Begitu mereka sampai di ruang kelas, teman-temannya menyambut dan menanyakan keadaannya.
"Beneran sudah enakan, Fa?" tanya salah satu temannya memastikan. Alifa mengangguk dan mengucapkan, "Terimakasih perhatiannya ya teman-teman."
"Put, kita makan bakso, yuuk," ajak Bening setelah jam istirahat berbunyi.
"Yuuk," jawab Alifa setuju.
"Put, aku penasaran deh," kata Bening.
"Penasaran apa?"
"Tadi aku liat kok baju seragam kamu kaya gamis, ya," ujar Bening sambil mengaduk mie bakso yang masih panas.
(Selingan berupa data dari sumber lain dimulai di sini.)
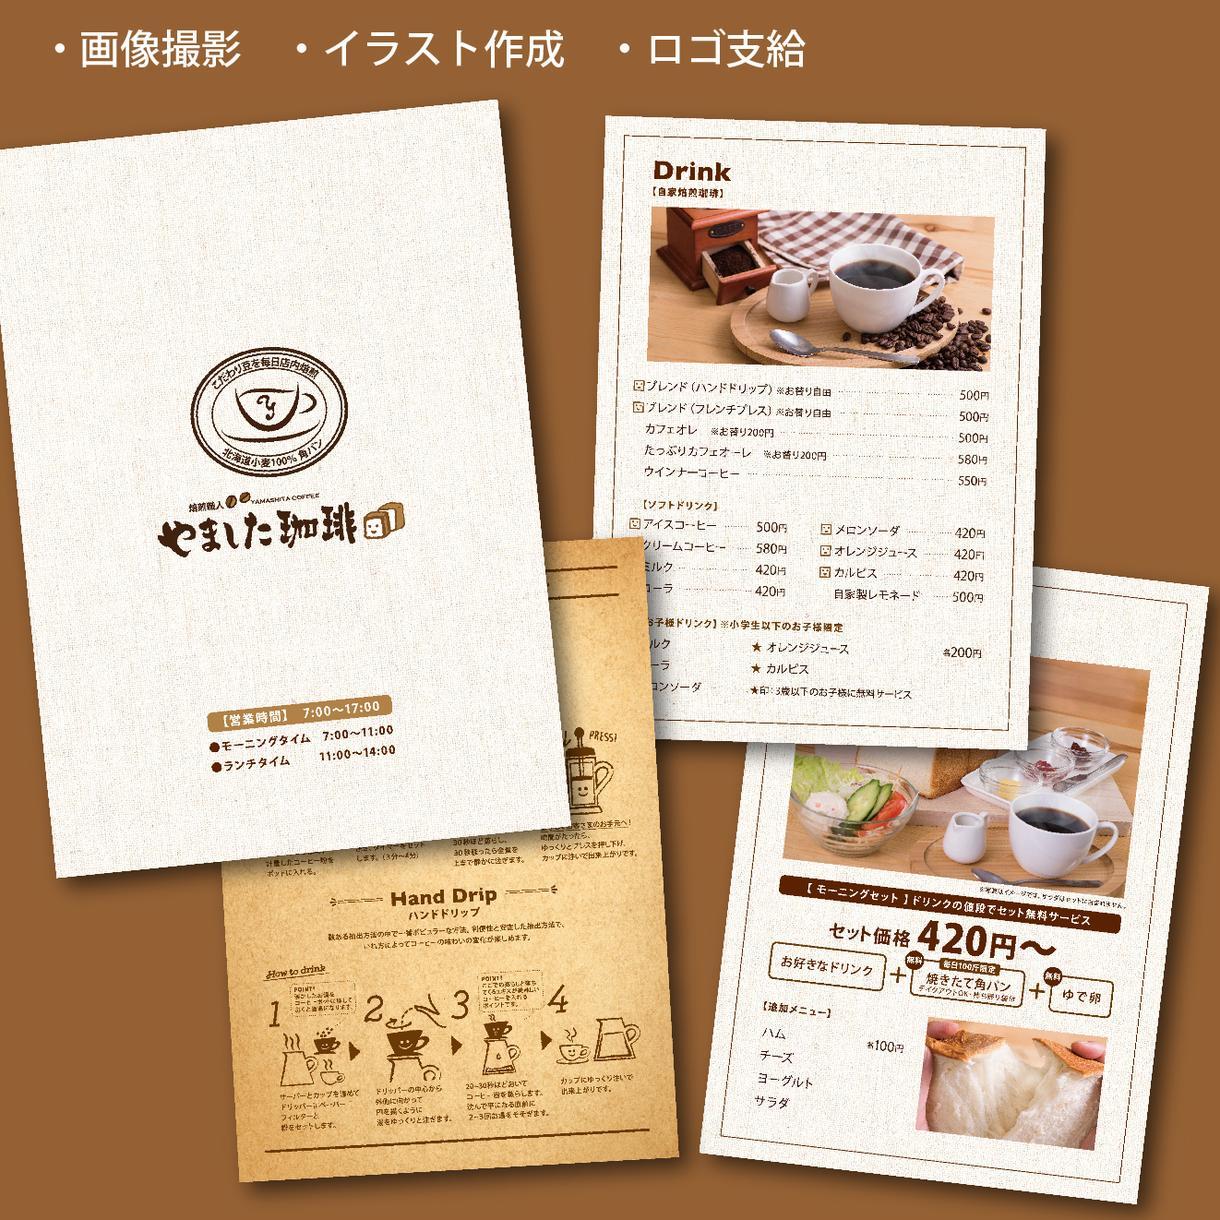 飲食店のプロが【オリジナルメニュー】を制作します 【安心・高品質】自社店舗200店の販促実績とプロ品質。
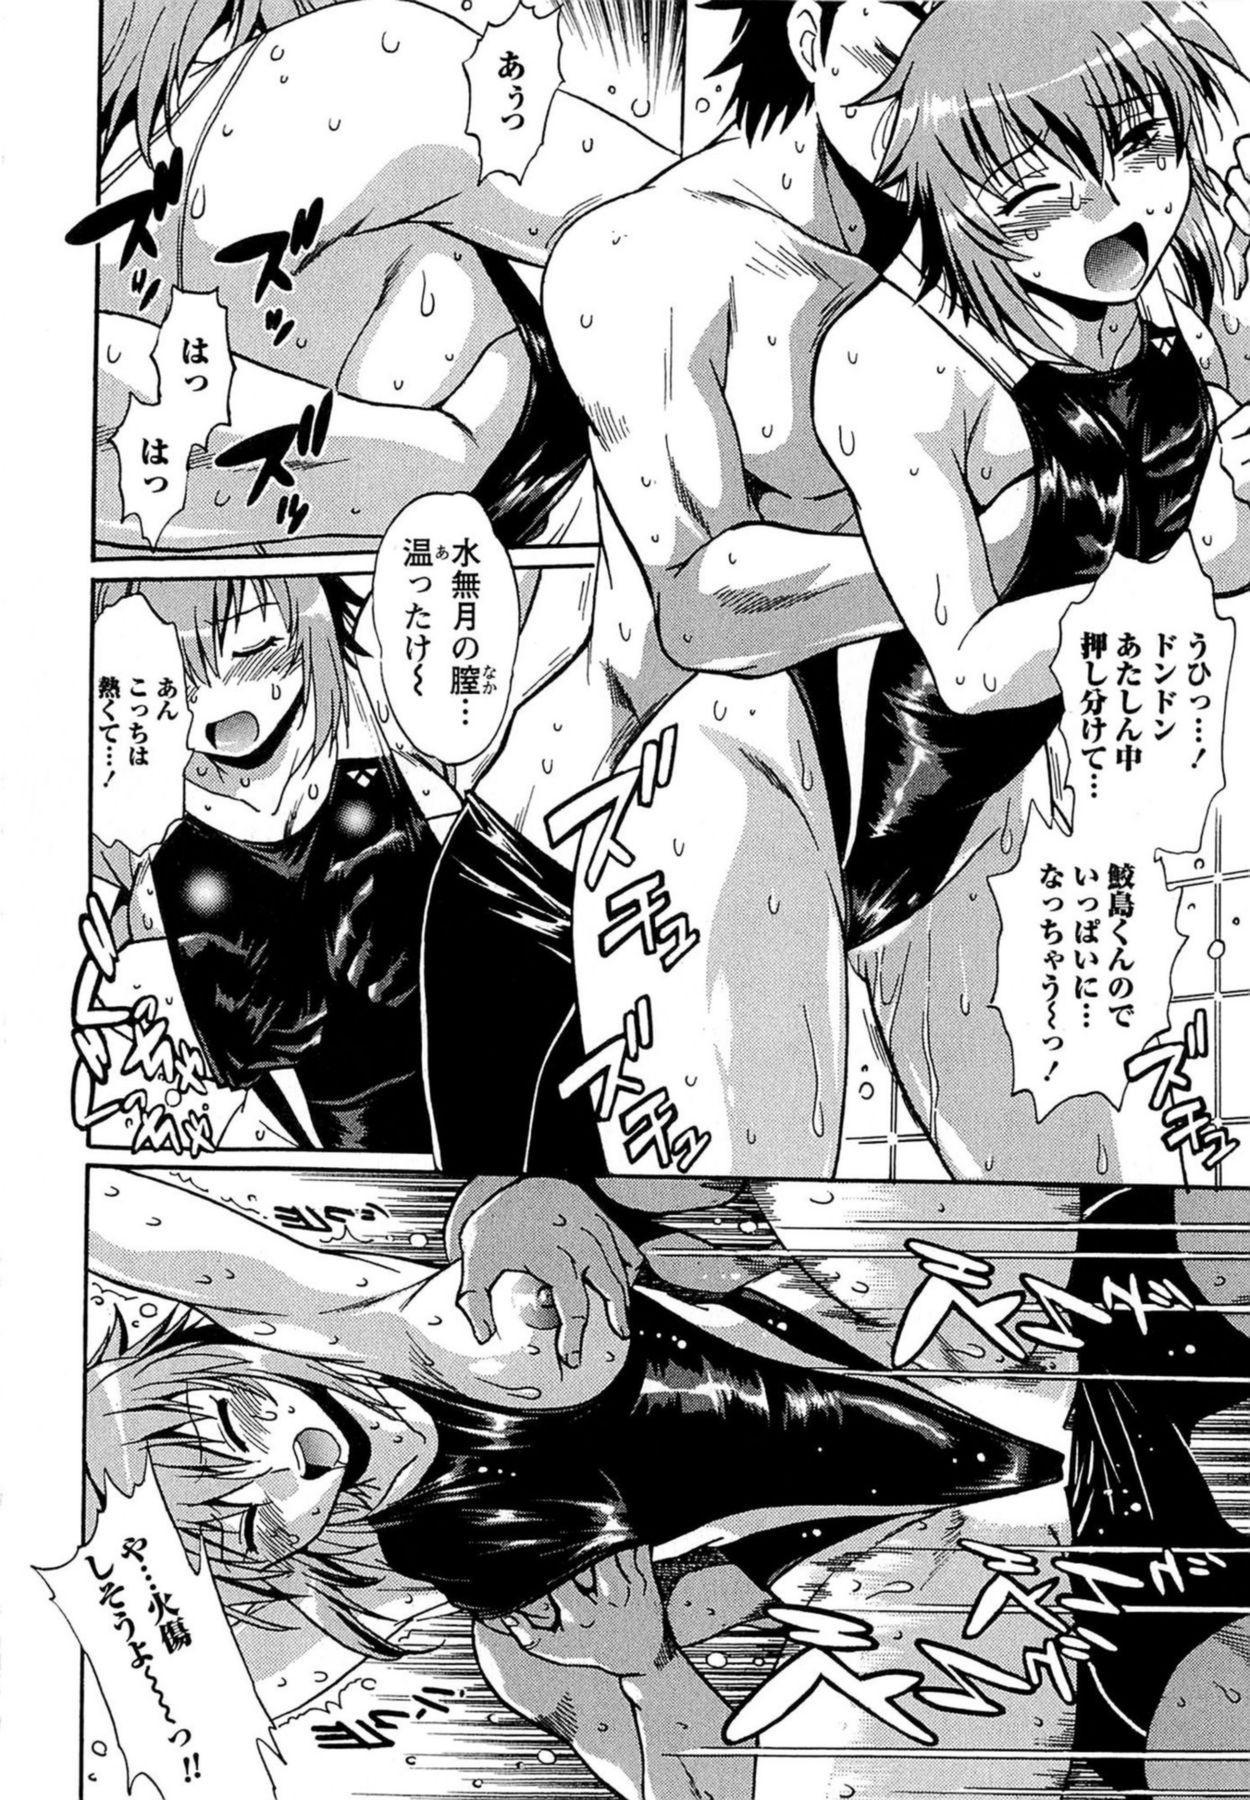 Kuikomi wo Naoshiteru Hima wa Nai! Vol. 1 32

"Itulah model pakaian muslimah yang Allah pilihkan. Allah memerintahkan agar perempuan menggunakan baju terusan tanpa potongan," jelas Alifa yang disebut mulut melongo Bening.
"Dalam kondisi apa pun, perempuan yang sudah baligh saat keluar rumah ya harus menggunakan baju terusan atau yang kita kenal dengan sebutan gamis," lanjut Alifa.
"Di mana pun dan kapan pun saat kita di luar rumah ya wajib pake gamis. Makanya aku siasati seragam sekolah ini dengan menyambungnya." Alifa berhenti sejenak untuk menyantap beberapa suap bakso dari mangkuknya.
"Aturan Islam itu bersifat baku tidak akan berubah sampe kapanpun. Semua aturan buatan manusia harusnya ya merujuk pada aturan Allah." Alifa sangat senang jika Bening terbius oleh ucapannya.
"Tetapi hari ini kita diasuh oleh sistem kapitalis makanya hukum Islam dikesampingkan," lanjutnya.
"Apa itu kapitalis, Put," ketemu lagi bahasa asing di telinga Bening yang diucapkan Alifa.
"Kalo pengin tau lebih dalam lagi, ikut ngaji aja yuuk," rayu Alifa.
"Aku sangat jauh tertinggal ya, Put. Banyak hal yang aku engga tau," kepala Bening tertunduk malu.